▶ What is needed
Nothing outside the range is to be copied. From the entries below, reproduce exactly the lines starting at the one with "Vaude Aqua Back" and ending at the one with "Skoda, elektrikli SUV", without pictures.

▶ Task input
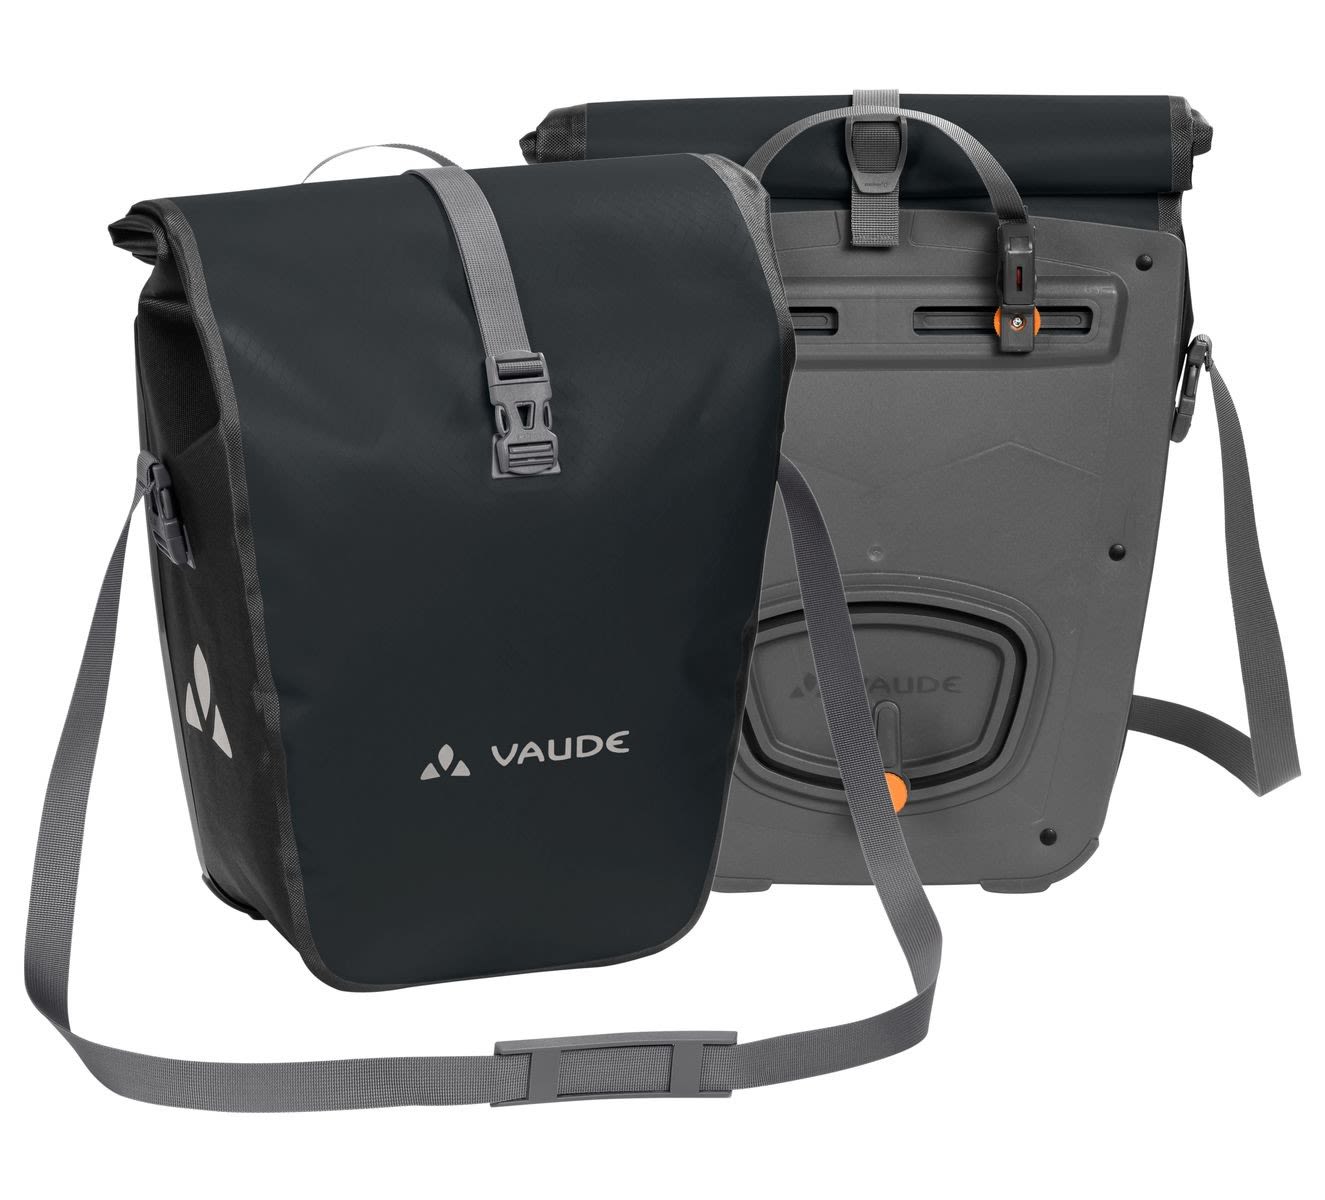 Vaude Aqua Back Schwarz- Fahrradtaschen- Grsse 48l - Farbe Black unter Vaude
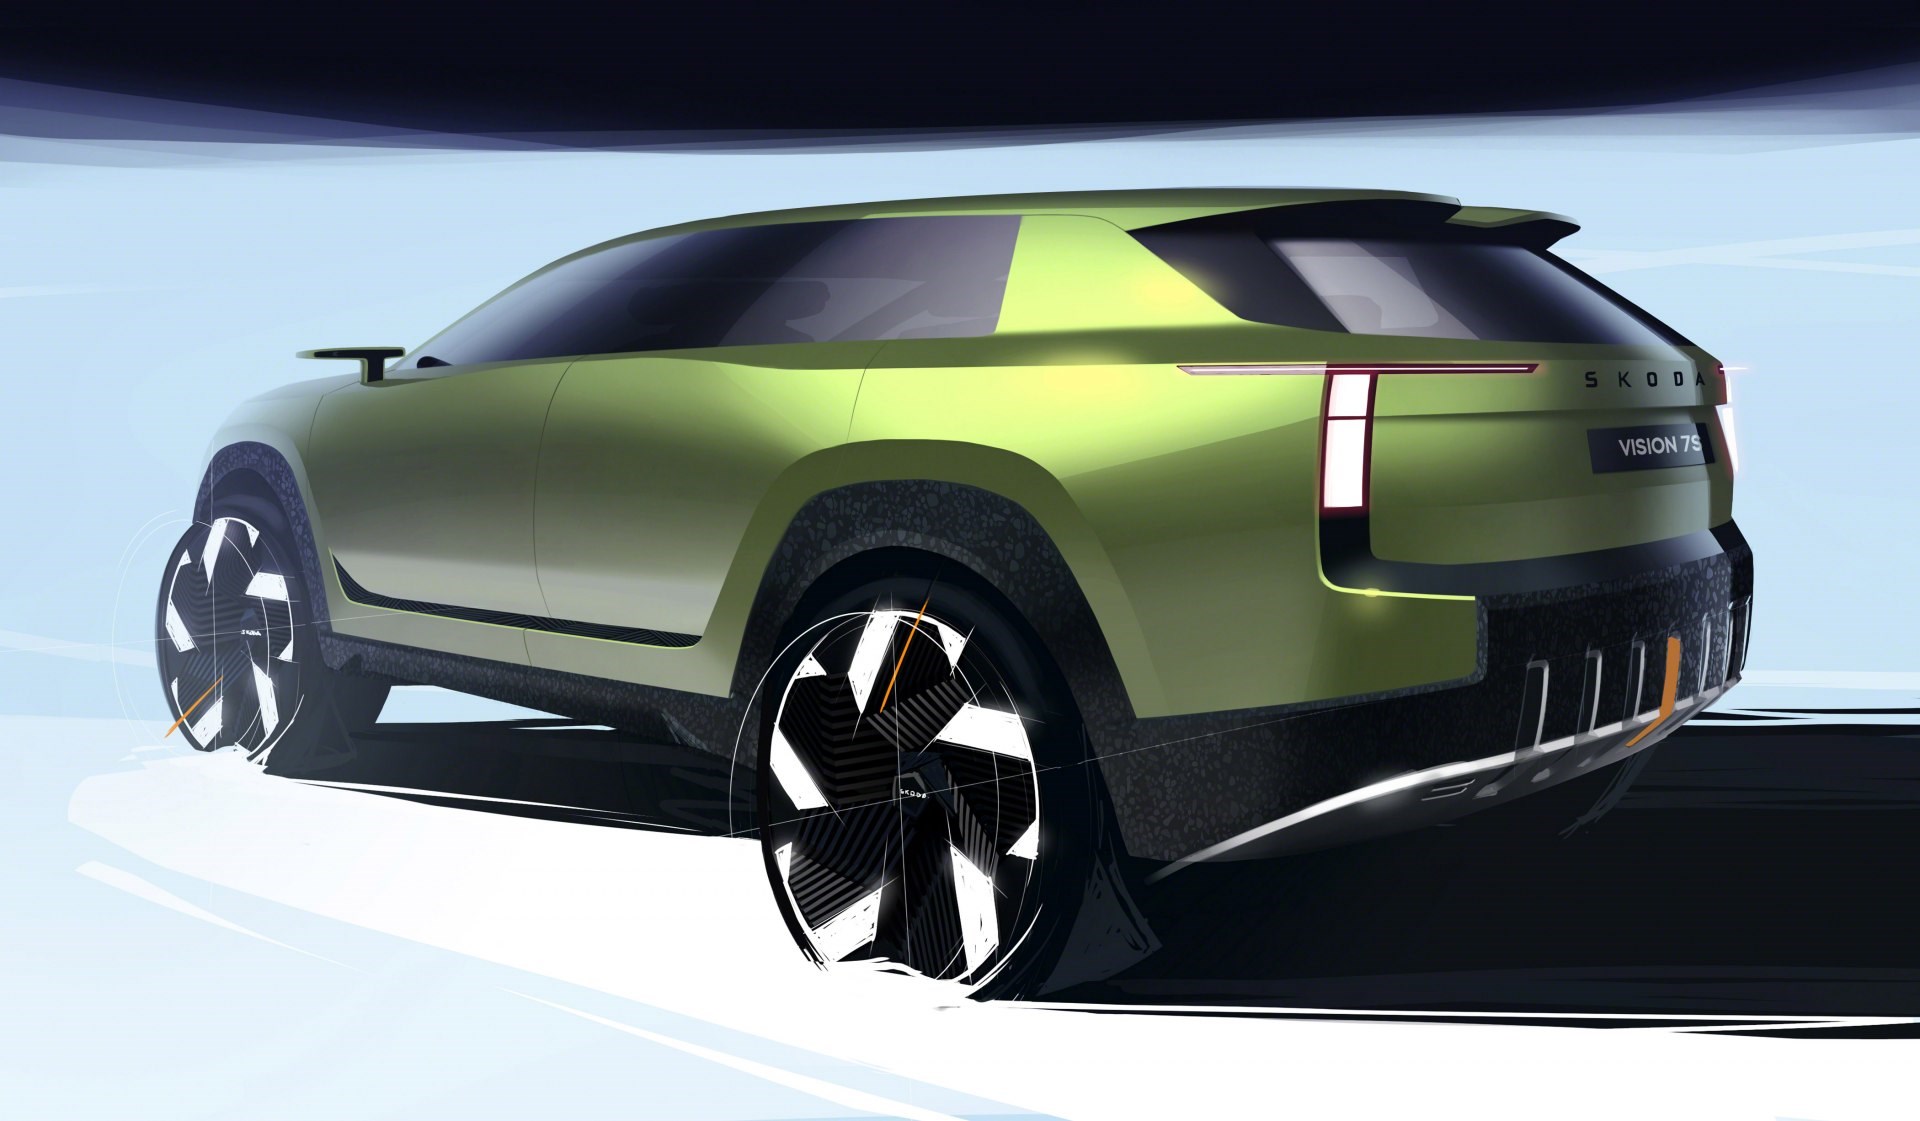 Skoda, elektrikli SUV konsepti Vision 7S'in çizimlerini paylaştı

==

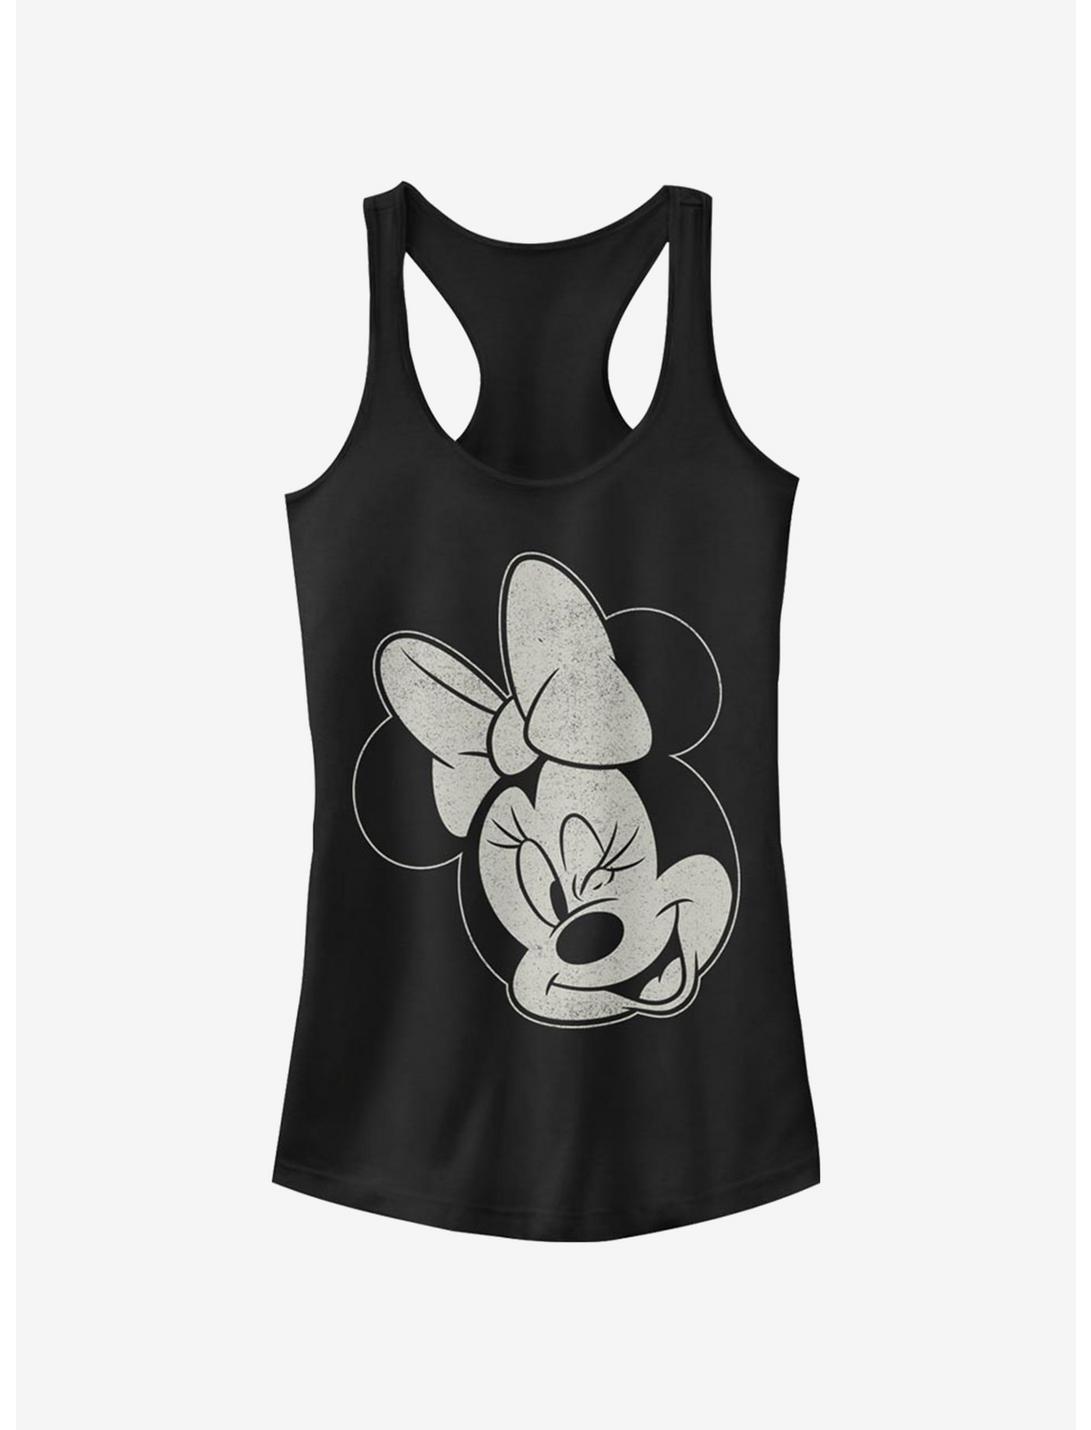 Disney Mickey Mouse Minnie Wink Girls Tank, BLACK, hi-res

▶ Your solution
 Vaude Aqua Back Schwarz- Fahrradtaschen- Grsse 48l - Farbe Black unter Vaude
 Skoda, elektrikli SUV konsepti Vision 7S'in çizimlerini paylaştı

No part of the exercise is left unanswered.